Using systune, you can re-tune the second-order controller with the additional requirement that $-C(s)$ should be passive. To do this, create a passivity tuning goal for the open-loop transfer function from yn to u (which is $C(s)$). Use the "WeightedPassivity" goal to account for the minus sign.

R2 = TuningGoal.WeightedPassivity({'yn'},{'u'},-1,1);
R2.Openings = 'u';

Now re-tune the closed-loop model CL1 to minimize the LQG objective $J$ subject to $-C(s)$ being passive. Note that the passivity goal R2 is now specified as a hard constraint.

[CL2,J2,g] = systune(CL1,R1,R2);
Final: Soft = 0.478, Hard = 1, Iterations = 37

The tuner achieves the same $J$ value as previously, while enforcing passivity (hard constraint less than 1).

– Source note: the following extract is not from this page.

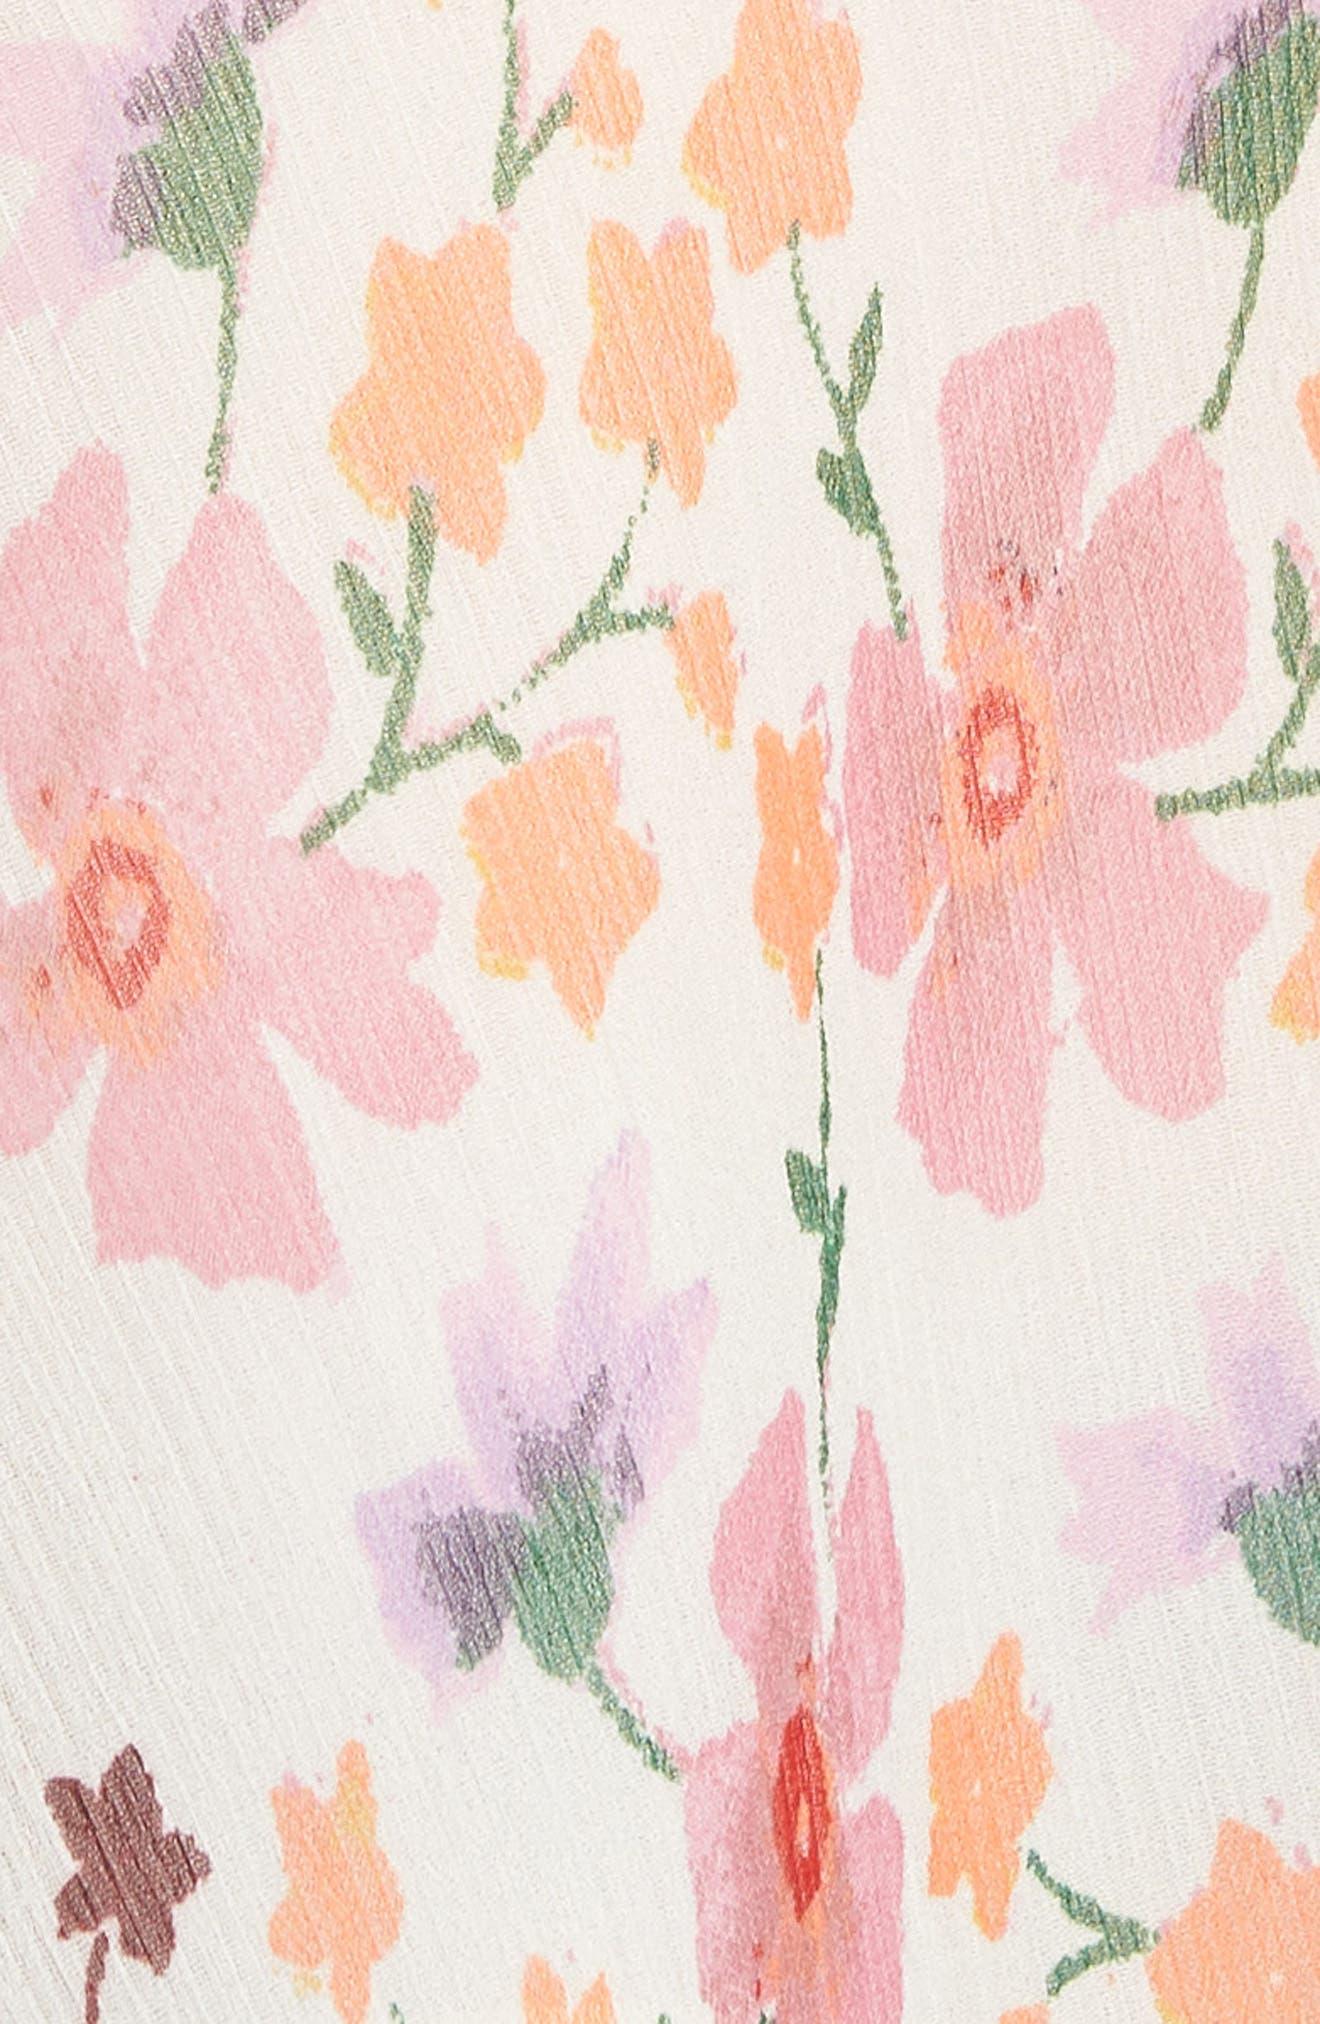 Lucky Cascade Ruffle Floral Tank Top,                             Alternate thumbnail 6, color,                             900

Verify that $-C(s)$ is passive.

C2 = getBlockValue(CL2,'C');
passiveplot(-C2)

The improvement over the LQG-optimal controller is most visible in the Nyquist plot.

nyquist(-CLQG,-C2)
legend('LQG optimal','2nd-order passive LQG')

Finally, compare the impulse responses from $d$ to $y$.

T2 = getIOTransfer(CL2,'d','y');
impulse(T0,T2,5)
title('Response to impulse disturbance d')
legend('LQG optimal','2nd-order passive LQG')

Using systune, you designed a second-order passive controller with near-optimal LQG performance.